3.2. Treatment profiles of ICIs monotherapy in elderly people aged 80 years or older

Table 2 shows the ICI monotherapy treatment profiles used by patients in this study. While seven (15%) patients received pembrolizumab as a first‐line treatment, no patients received nivolumab and atezolizumab as a first‐line treatment. The median number of ICI cycles was four (range, 1‐49). Thirty patients (66.7%) had previously received cytotoxic chemotherapy, of which 2 (4.4%), 2 (4.4%), and 1 (2.2%) patient receiving nivolumab, pembrolizumab, and atezolizumab, respectively, had a history of chemoradiotherapy. No patients had palliative and adjuvant therapy. The disease control rate (PR + SD) was 60.0%. The median PFS was 3.4 months. While patients receiving pembrolizumab had high PD‐L1 expression, patients receiving atezolizumab had low PD‐L1 expression. In the majority of patients who received nivolumab, PD‐L1 expression was not evaluated. The median PFS was longer in patients receiving pembrolizumab (4.6 months) and atezolizumab (5.0 months) than in patients receiving nivolumab (2.3 months).
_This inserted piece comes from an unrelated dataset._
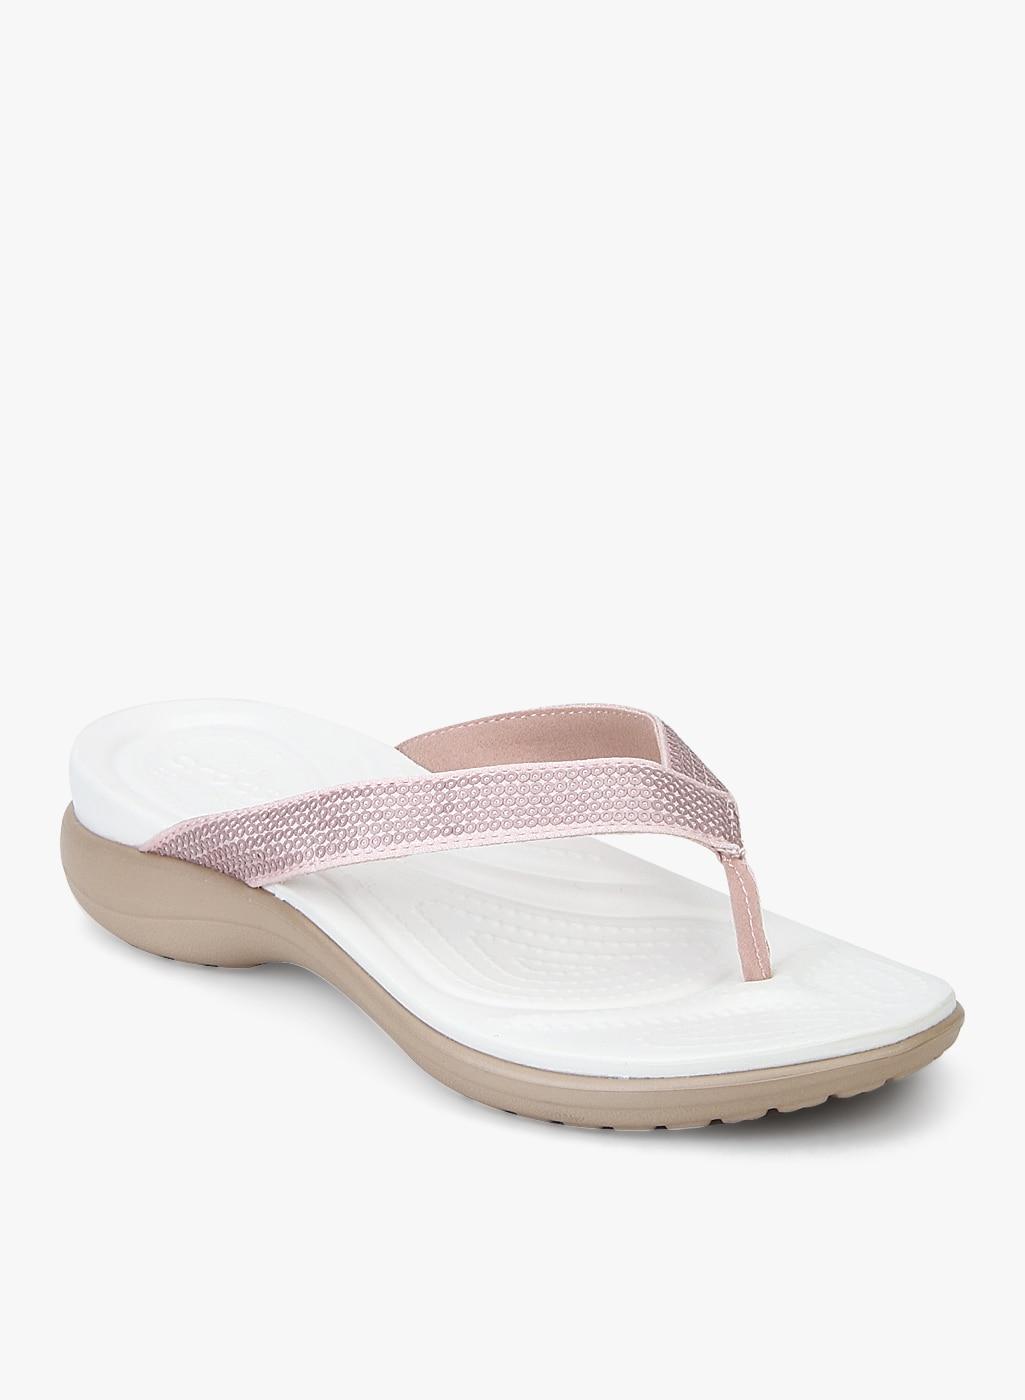 e4418b1bdebc Crocs Capri V Sequin W Peach Flip Flops for women - Get stylish ...

In evaluating the best response, patients receiving pembrolizumab had the highest disease control rate.

TABLE 2.

Treatment profiles of ICI monotherapies in patients aged 80 or over

Total Nivolumab Pembrolizumab Atezolizumab
N = 45 n = 21 (46.7%) n = 17 (37.8%) n = 7 (15.6%)
Regimens before ICI 2 (0–4) 1 (1–4) 0 (0–3) 1 (1–3)
First‐line treatment 7 (15.6) 0 (0.0) 7 (41.2) 0 (0.0)
Cycles of ICI 4 (1‐49) 3 (1‐49) 4 (1–33) 4 (2‐25)
PD‐L1 expression
TPS≥50% 14 (31.1) 2 (9.5) 12 (70.6) 0 (0.0)
1% ≤ TPS < 50% 9 (20.0) 1 (4.8) 5 (29.4) 3 (42.9)
TPS <1% 4 (8.9) 2 (9.5) 0 (0.0) 2 (28.6)
unknown 18(40.0) 16 (76.2) 0 (0.0) 2 (28.6)
PFS, month 3.4 (0.2‐17.8) 2.3 (0.2‐3.7) 4.6 (0.5‐13.0) 5.0 (1.0‐17.8)
Best response
PR 10 (22.2) 3 (14.3) 6 (35.3) 1 (14.2)
SD 17 (37.8) 7 (33.3) 7 (41.2) 3 (42.9)
PD 18 (40.0) 11 (52.4) 4 (23.5) 3 (42.9)
Treatment prior to ICI
Cytotoxic chemotherapy 30 (66.7) 20 (95.3) 4 (23.5) 6 (85.7)
Radiotherapy 11 (24.4) 4 (19.0) 5 (29.4) 2 (28.6)
Chemoradiotherapy 5 (11.1) 2 (9.5) 2 (11.8) 1 (14.3)
Surgery 3 (6.7) 1 (4.8) 2 (11.8) 0 (0.0)

Note: Data are shown as number (%) or median (range).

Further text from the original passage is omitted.